# why is my hedgehog biting me?



## hedgehogbella (Oct 12, 2014)

I have heared that some hedgehogs might bite you is your hands smell like food. When I lay on the couch with my hedgehog she bites me. She doesnt bite my hand. She usaly bites my feet or chest or legs. It can realy annoy me sometimes. Any ideas why she is doing this and how to stop it?


----------



## Lilysmommy (Jan 7, 2009)

Hedgehogs like strong scents, and the places you've mentioned can be smelly (feet) or may be where you put perfume or cologne on (chest). The best thing is just to prevent her from being near those areas long enough that she's tempted to take a bite.


----------



## David147 (Mar 6, 2015)

There can be several reasons that a hedgehog would bite you.
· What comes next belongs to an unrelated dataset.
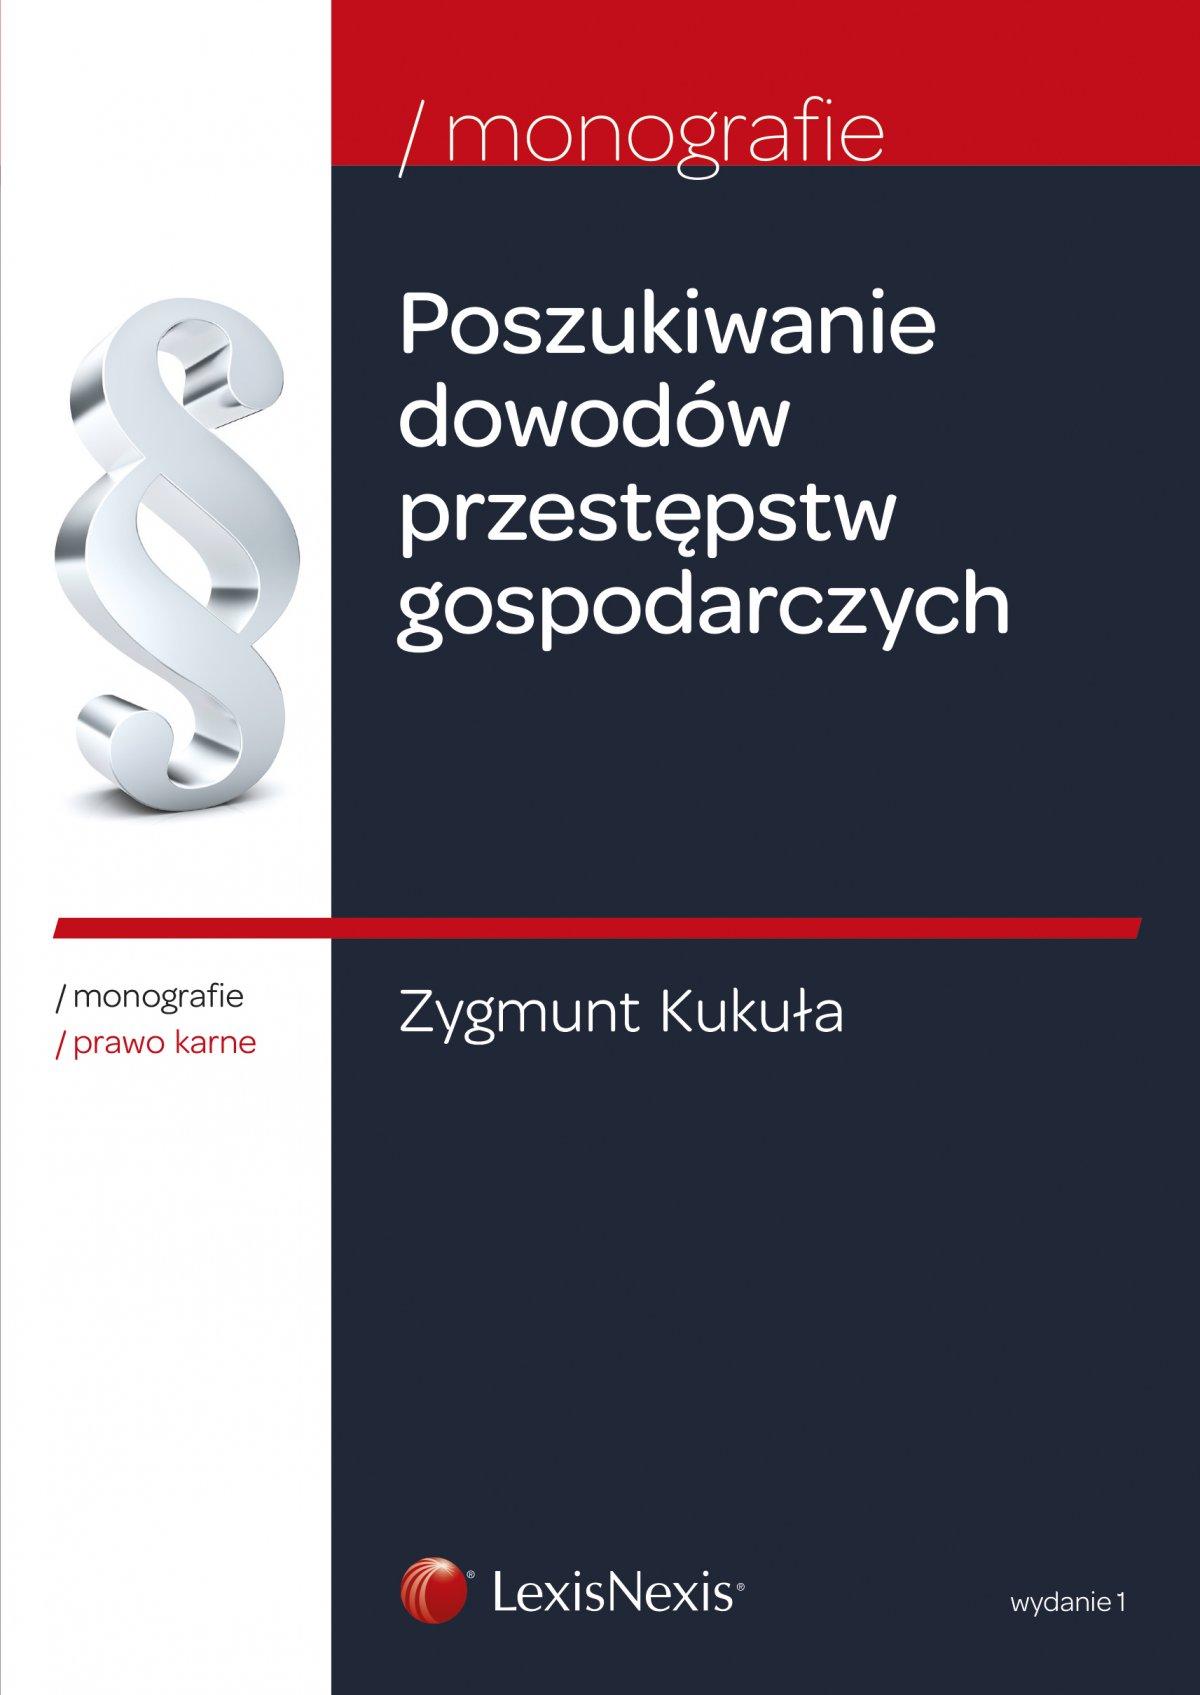 Poszukiwanie dowodów przestępstw gospodarczych - Ebook (Książka EPUB) do pobrania w formacie EPUB

You may have been bugging him or doing something that scared him, so he bit to protect himself. You might have had something on your fingers that smelled like food, so he was taking a nip to see if it tasted nice, too. Or he may have learned that biting gets him put back in his cage. 
For the first one, if your hedgehog's new to you, he might be scared because he doesn't know you and doesn't know that you're a friend. You may be going too fast with the bonding process. Try just holding him in your lap on a blanket, maybe with part of the blanket over him. Don't try touching him, just let him sit quietly and fall asleep if he wants to. He will slowly get to know your scent this way and start to relax around you. If you have a younger hedgehog, he may be quilling, which is painful. If you're trying to pet him, he may have bitten you because it hurts when you press down on his sore skin. Also, try to keep your fingers away from his nose/mouth while you're handling him so that he doesn't see something strange coming towards his face. 
For the second scenario, make sure that you wash your hands before you take your hedgehog out. If you're handfeeding treats, you may want to just put the treat down in front of the hedgehog instead of letting him take it from your fingers. They can't see well and he may mistake your finger for another treat. 
For the last one, make sure that you don't put your hedgehog back into his cage right after he's bitten you. If he does bite you again, blow gently into his face to discourage the behavior. Hopefully, he'll learn to stop biting soon.


----------



## rodanthi (Feb 7, 2014)

Hector always goes for my feet cos he likes smells....that one is a fact of life so I just have to keep him away from them. May be the same for you.
Other areas she may not be biting you on purpose - e.g. if she is playing with your clothing or something and she gets you by accident. Happens when Alba is trying to eat my shirt buttons sometimes.


----------



## Ally's_Oliver (Feb 8, 2015)

My hedgehog will almost always nibble on me if I have denim jeans on. I guess he just likes the texture. He'll tug on it too.


----------